I’ve learned some interesting things about organizing and about learning already. Debt is a very technical topic, full of complexity and difficult math. Seen another way, it’s not about that at all. It’s a set of stories, often about lives or projects begun in a flurry of optimism only to founder on the hidden reefs of compounding interest, credit ratings and wage garnishing. We’ve learned that to organize around debt, you must first allow people to tell their stories and to reclaim their personhood.
What we’re doing here is reclaiming the 99% as a set of individuals, all of whom made choices that were inspired by their hope of making a contribution in some way. Seen together, even in the relatively small groups that gather in hot New York parks, you get a vertiginous glimpse of what has been lost, not just in this crash but in the turn to finance capital as a whole.
So what we don’t yet know is the end(s) of the stories. Where we’re not going is to put our trust in a higher power, divine or human. A system that places so many people in servitude can only properly end in abolition. Before abolition, it can seem hard to envisage reconstruction but in the moment it’s not so complicated. Now I’m getting ahead of myself, except that part of this moment is to give people a sense of a different outcome, which the original OWS sketched in far broader terms. By being specific about debt, which is not exactly a small field, we can target real but very different futures.
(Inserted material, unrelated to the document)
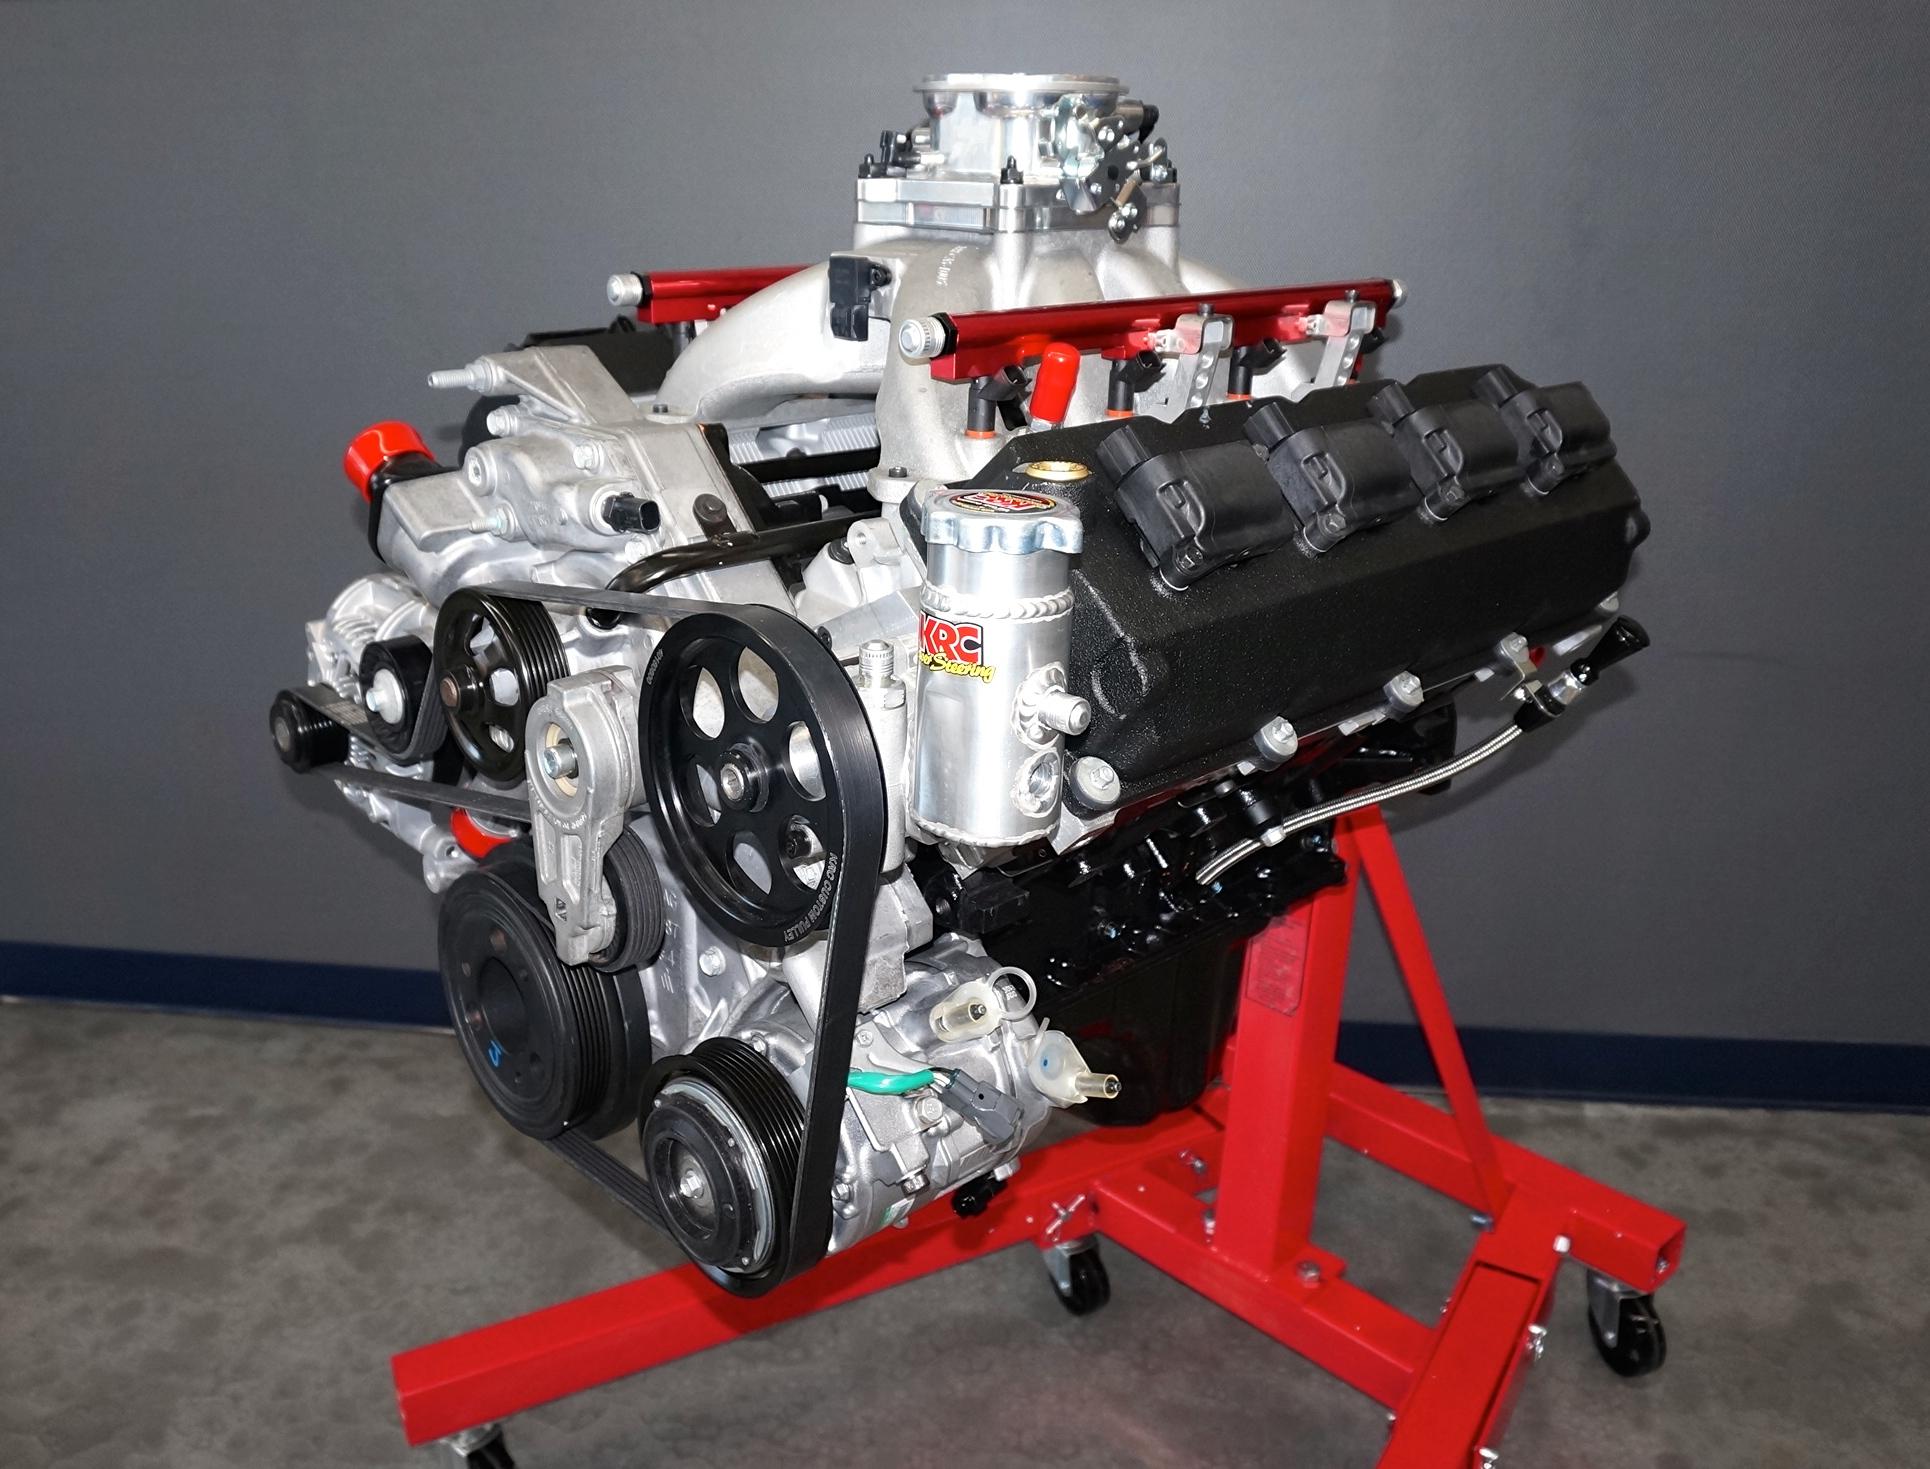 Dsc on 426 Hemi Crate Engine

In organizing this story telling and imagining, we’ve found that it works best either to allow the meeting to proceed as horizontally as possible or to have it tightly facilitated. There’s a glib one-liner about direct democracy that uses the title of Jo Freeman’s 1970s pamphlet “The Tyranny of Structurelessness.” Freeman was discussing consciousness raising sessions in the (then) Women’s Liberation movement and how they could lead to a “star” system. There’s a long discussion to be had here but for the moment I want to suggest that these strategies are precisely directed towards avoiding what is less tyranny than muddling in the middle.
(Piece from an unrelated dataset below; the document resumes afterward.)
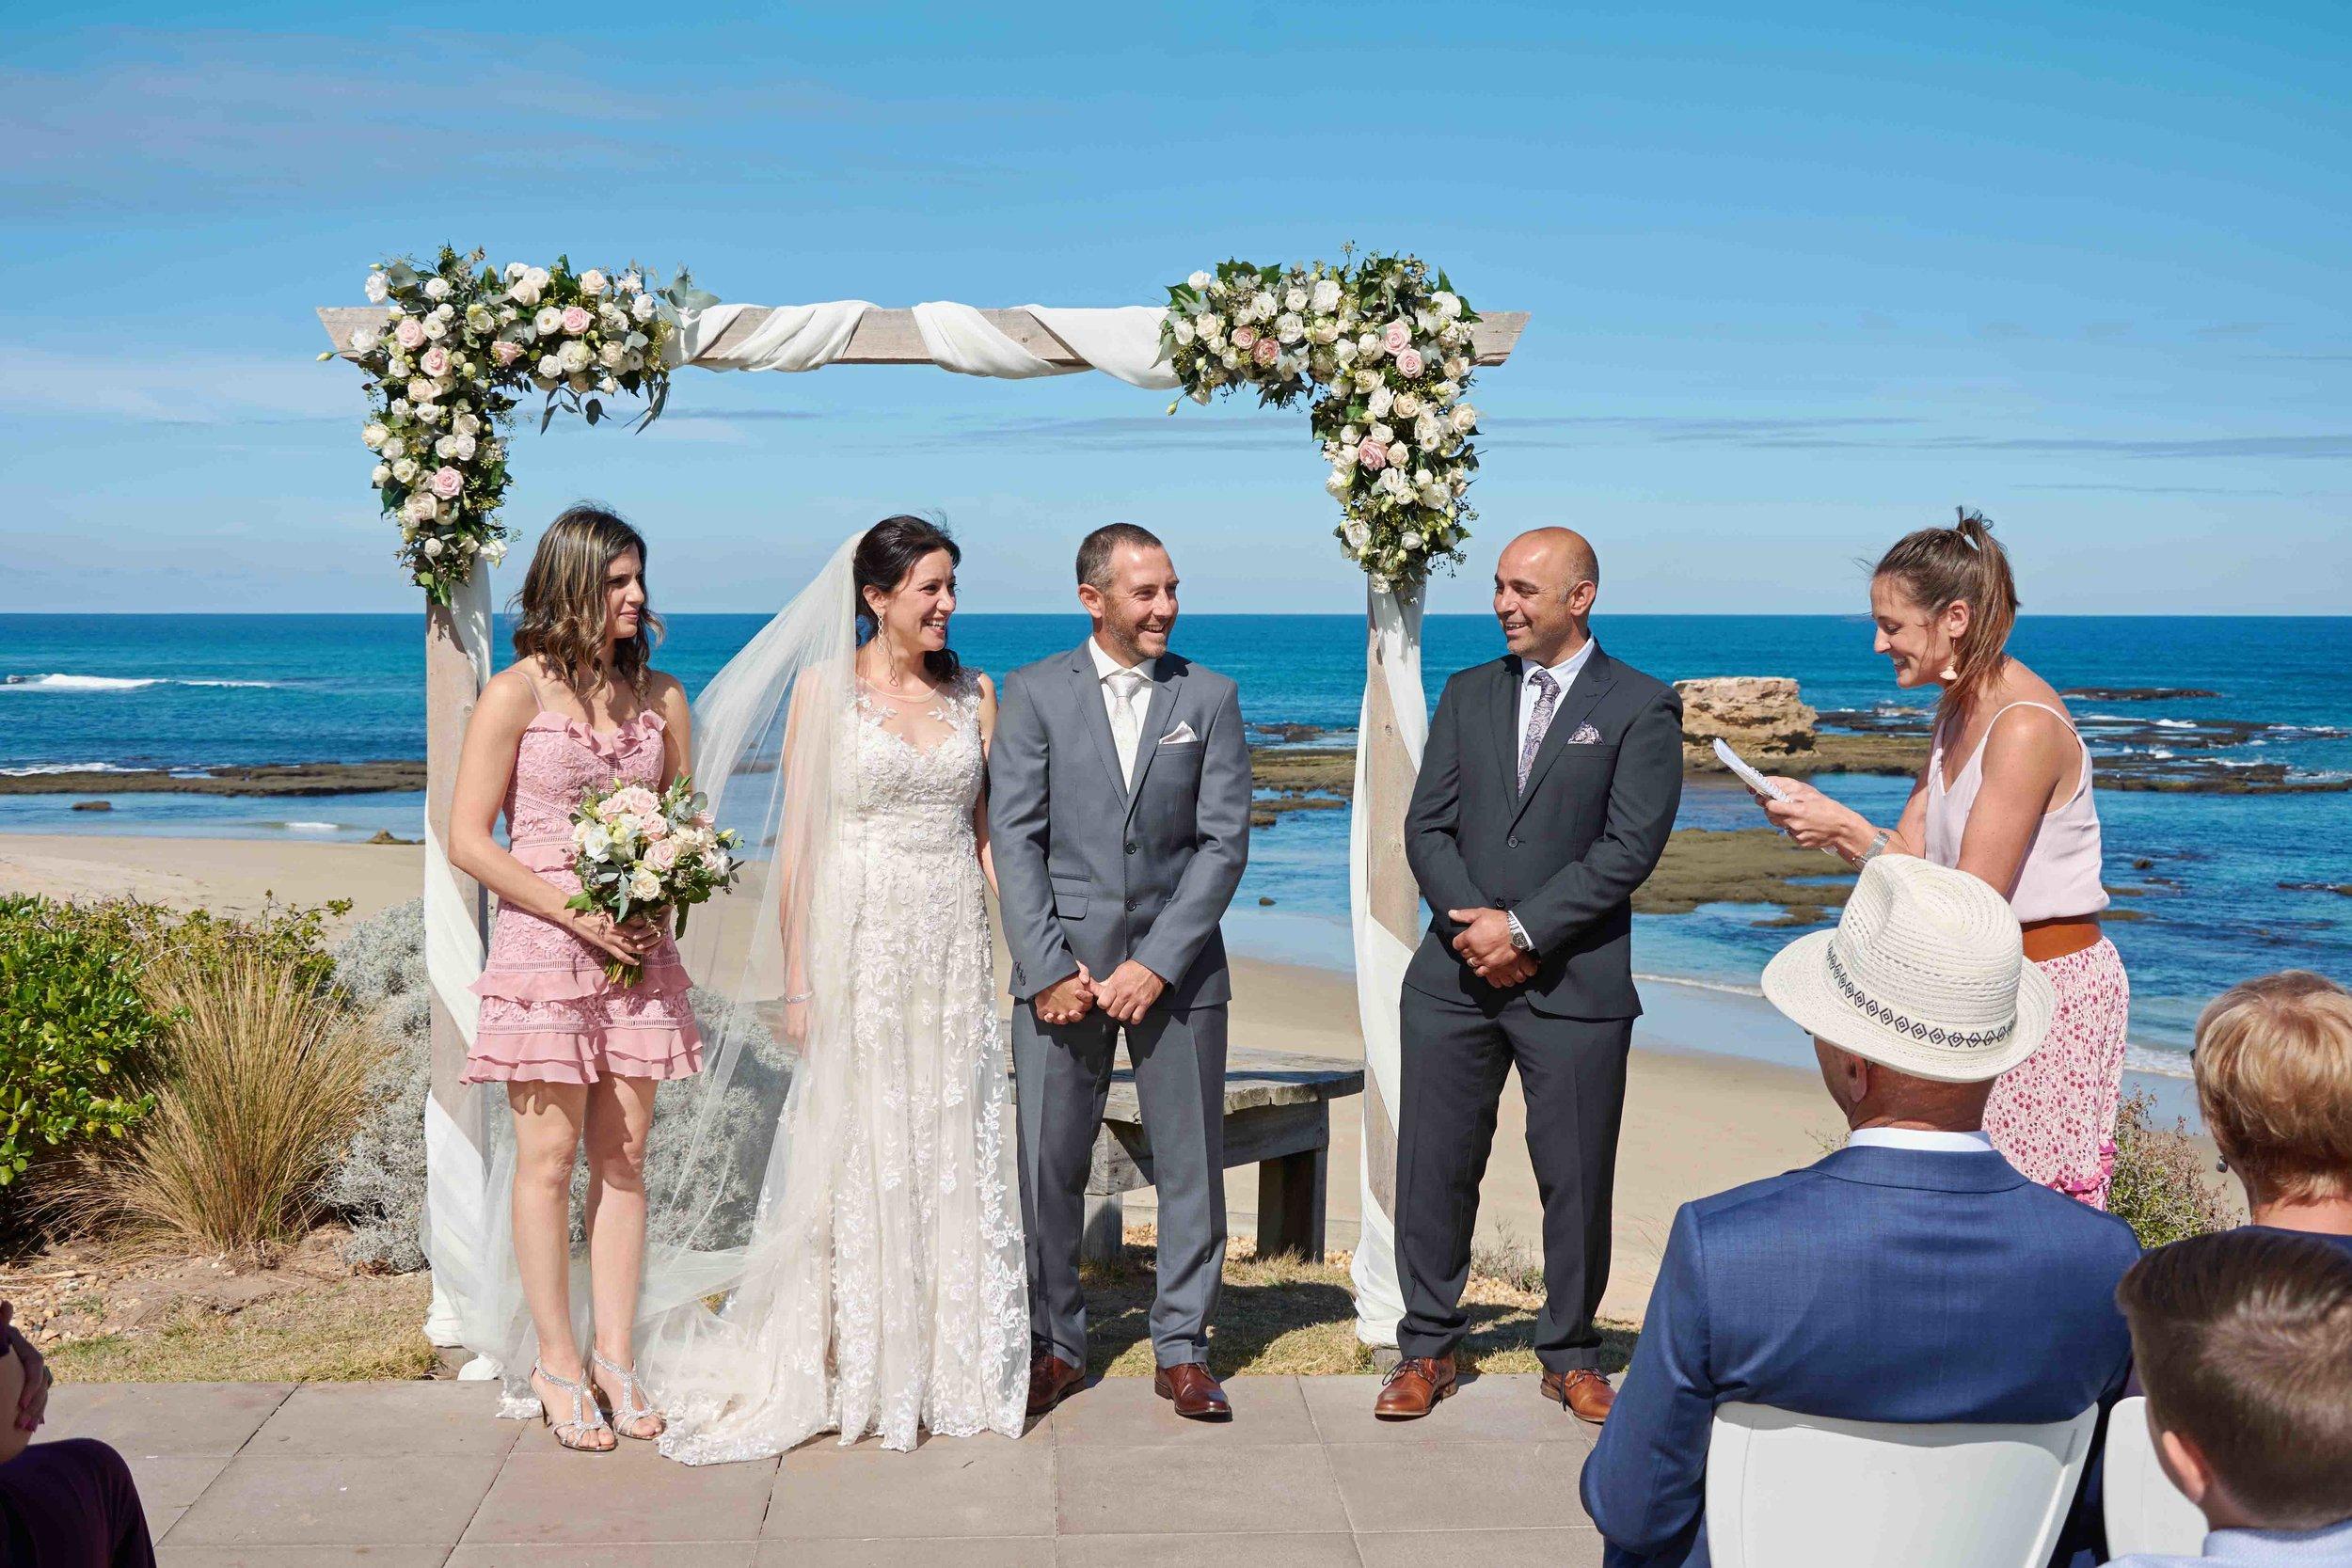 sorrento-wedding-photography-all-smiles-marissa-jade-photography-43.jpg

Self-facilitated peer-to-peer discussions also rely on the group making sure that individuals don’t dominate and that a due division of points of view is heard. Such discussions are great when you’re trying to get a sense of where to go and what the possibilities are in a given area. Facilitation allows you to make progress from that beginning and to not repeat the same discussions over and over. What we had to learn in the case of debt was that you could not separate the personal and the political, even in organizing. It’s a very old lesson now but one that needs to be relearned until absorbed or until things have actually changed sufficiently that we no longer need it. Which will not be soon.
We’ve learned not to target specific dates by which certain things must happen and to set low, achievable goals as part of creating a sense that things are happening, rather than shoot very high all the time. Some might say that political organizers have long known these tactics and that may well be right. On the other hand, it is my impression that sometimes such organizers take the content of the action too much for granted. Certainly we’ve heard that debt is a “weak” concept. Perhaps it lacks a one-liner so far. We’re working on that.